None of the menu choices appealed to Kirk. He sat down across from Piper. “What happened?”

“An accident in engineering.” He took another sip, inhaled through gritted teeth, and set down his mug. “Spock’s probably writing the report for your morning briefing even as we speak.”

“No doubt,” Kirk said. His half-Vulcan first officer was nothing if not efficient. However, the same suppression of emotion that enabled Spock to exercise unimpeachable logic in his other official capacity, as ship’s science officer, had also led him to urge Kirk to kill Gary Mitchell before his new powers drove him to enslave or exterminate the Enterprise crew. Kirk had not heeded Spock’s warning, and helmsman Lee Kelso had paid for Kirk’s mistake with his life. The captain knew that it was absurd to blame Spock for what happened, or to be angry with him for being so quick to condemn Mitchell to death. Spock’s chief duty as first officer was to protect the ship and its crew, even if that meant sacrificing one to save the others.

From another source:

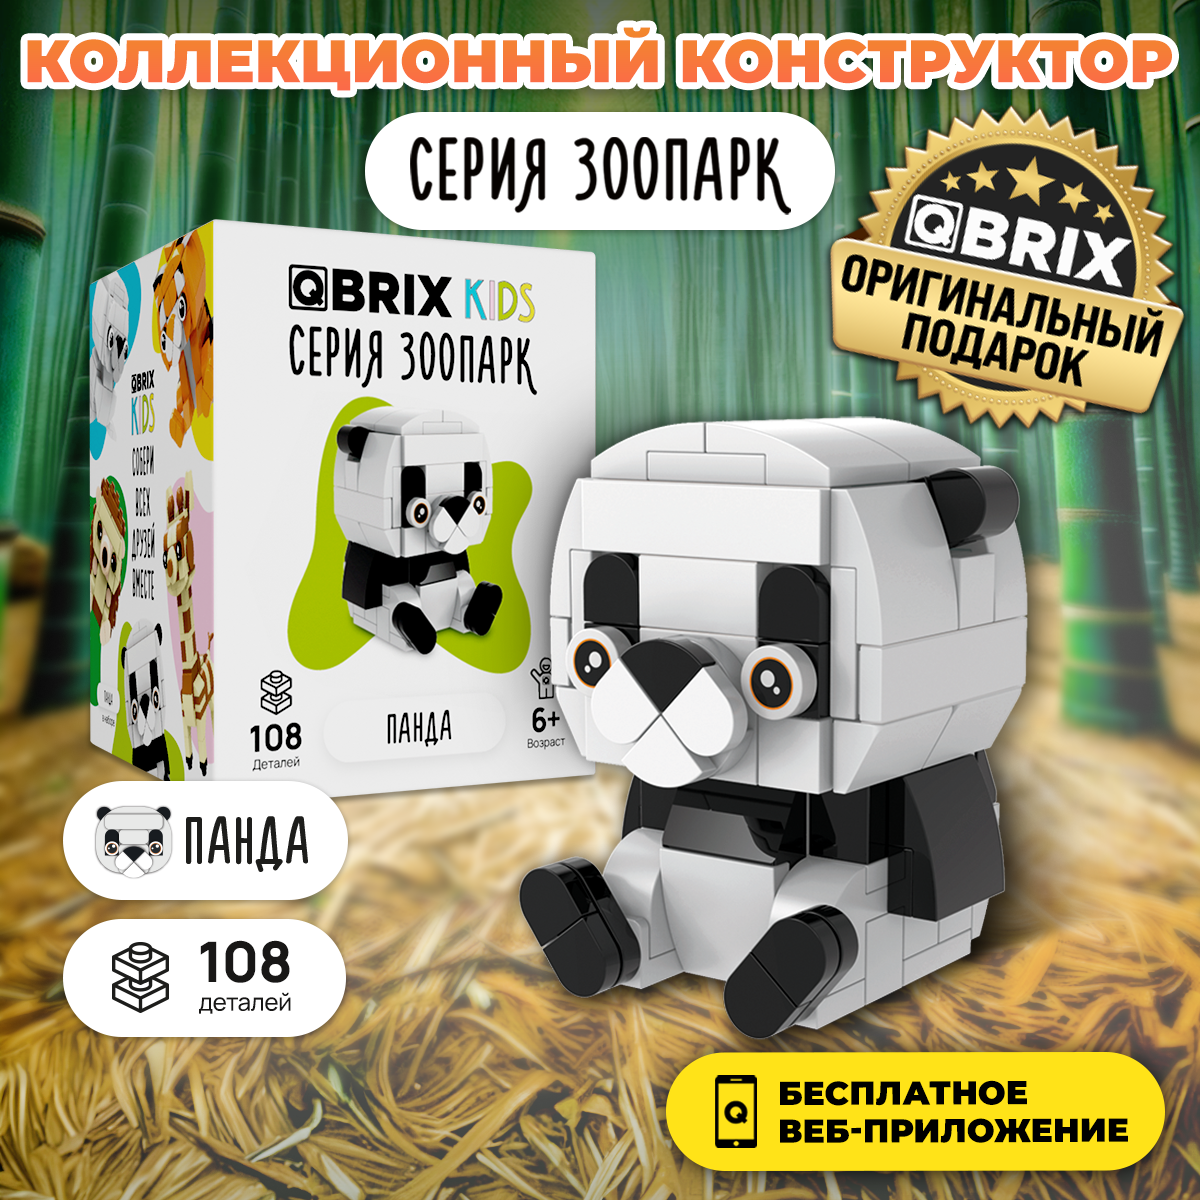 Конструктор QBRIX KIDS Панда игрушка

Knowing those things made Mitchell’s death no easier for Kirk to accept, however. He had pulled the trigger and brought a ton of rock down on his friend. No amount of rationalization was going to erase the lingering guilt that had shadowed his every thought since that desperate moment.

After a silent minute, Piper said, “You should eat something.”

“I’m not hungry.”

“Try getting some sleep, then.”

Kirk chuckled ruefully. “Easier said than done.”

“On this ship, I guess that’s true.” Piper grabbed his mug and stood up. “I have to head back to sickbay. Want to stop in and say hi to Alden?”

Before he could accept the invitation, Kirk was cut off by a two-note whistle from the overhead speaker. “Captain Kirk to the bridge,” came Spock’s voice over the intraship channel.